In 2018, research by Dr Zenz, Senior Fellow in China Studies at the Victims of Communism Memorial Foundation, uncovered compelling evidence that up to one million Uyghur people were detained in what the Chinese state defines as “re-education” camps.

China initially denied the existence of the camps, before defending them as a necessary measure against terrorism following separatist violence in the Xinjiang region.

However, a series of leaked official documents make clear that many of those detained are accused only of harbouring “strong religious views” and “politically incorrect” ideas.

In 2020, Dr Zenz published a further study revealing that Xinjiang authorities are administering unknown drugs and injections to Uyghur women in detention, forcibly implanting them with intrauterine contraceptive devices (IUDs), coercing women to accept surgical sterilization, and using detention as punishment for birth control violations.

Now in this new study, Dr Zenz provides further evidence of a sustained, organised campaign to reduce population growth amongst Muslim Uyghurs, using birth control as well as other measures.

His findings provide the strongest evidence yet that Beijing’s policies in Xinjiang meet the criteria for genocide, as cited in the U.N. Convention on the Prevention and Punishment of the Crime of Genocide.

In the study, Zenz systematically analyses a trove of publicly available documents in Xinjiang, alongside articles written by prominent academics in the region. Throughout, he finds a common narrative revealing a wish to “optimize” the ethnic population structure in Xinjiang.

This instruction comes right from the top, with the central government in Beijing “attaching great importance to the problem of Xinjiang’s population structure and population security.”

In most cases, the need to ‘optimize’ the Uyghur people is seen as key response to a perceived terrorism threat in the region. Zenz cites prominent academics and public officials in Southern Xinjiang who have publicly argued that to reduce terrorism, changes in the population structure need to be made so that the Uyghur are no longer the dominant ethnic group.

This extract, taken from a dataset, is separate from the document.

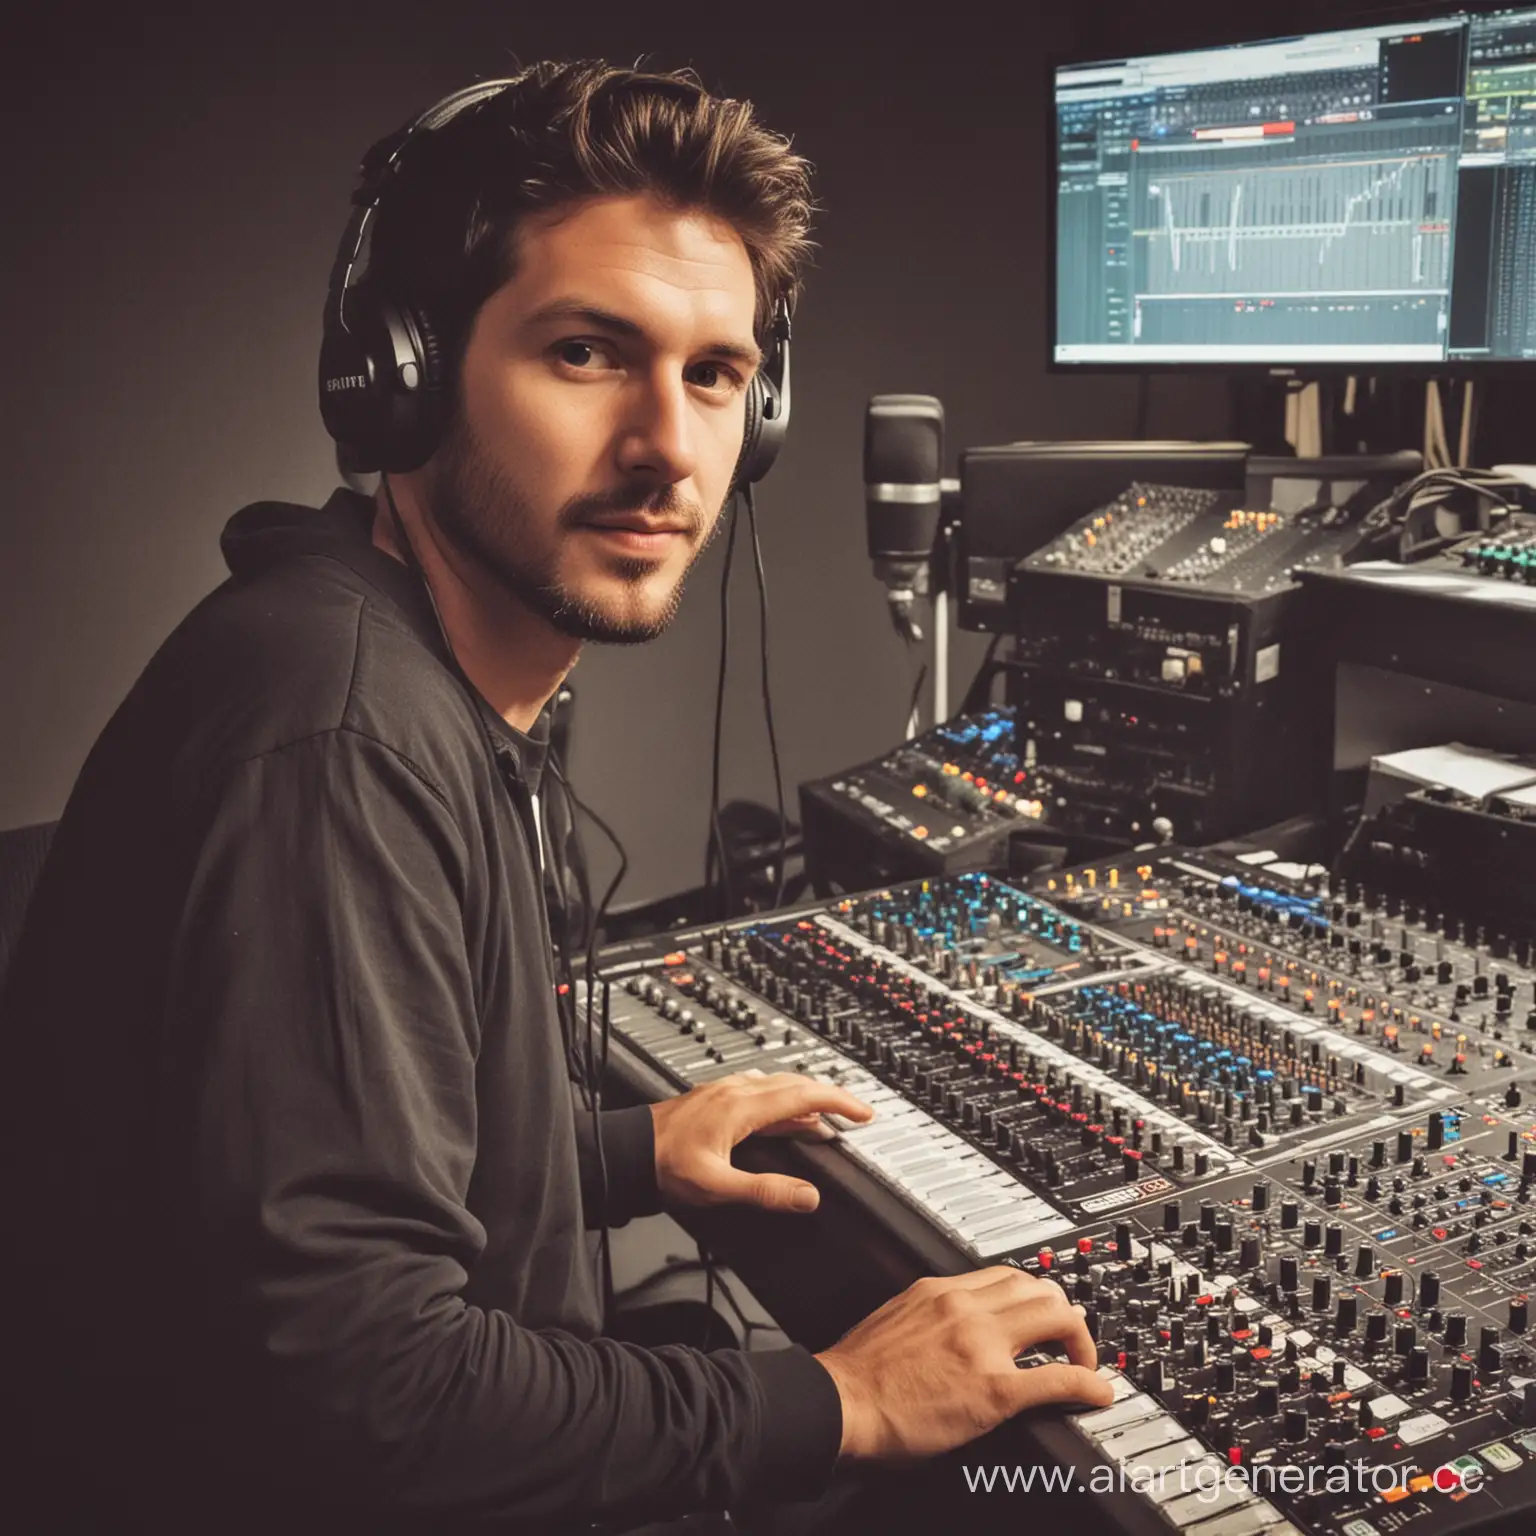 Professional-Sound-Engineer-Mixing-Audio-in-Modern-Studio

As well as rhetoric, the study reveals the presence of a state-run scheme to forcibly uproot, assimilate, and reduce the population density of Uyghur people. A string of extremely draconian measures have been introduced by the Chinese government since 2017, ranging from mass internment of Uyghurs for political re-education, to systematic birth prevention, mass sterilisation and forced displacement.

The expressed goal of these measures is to ‘optimize’ southern Xinjiang’s population structure by increasing the number of Han Chinese and decreasing the number of Uyghurs in the region.

As a consequence, natural population growth in Xinjiang has declined dramatically in recent years, with growth rates falling by 84% in the two largest Uyghur prefectures between 2015 and 2018, and declining further in 2019, according to the paper. In comparison, the birth rate in Han majority counties declined by only 19.7 percent.

Zenz argues that in order to ‘optimize’ the ethnic population, Beijing will increase southern Xinjiang’s Han population share to 25 percent. In doing so, he estimates that birth preventation could result in a potential loss of between 2.6 and 4.5 million lives by the year 2040.

“My study reveals the presence of a long-term strategy by Beijing to solve the Xinjiang “problem” through “optimization” of the ethnic population structure,” says Dr Adrian Zenz.

“The most realistic method to achieve this involves a drastic suppression of ethnic minority birth rates for the coming decades, resulting in a potential loss of several million lives. A smaller ethnic minority population will also be easier to police, control and assimilate.”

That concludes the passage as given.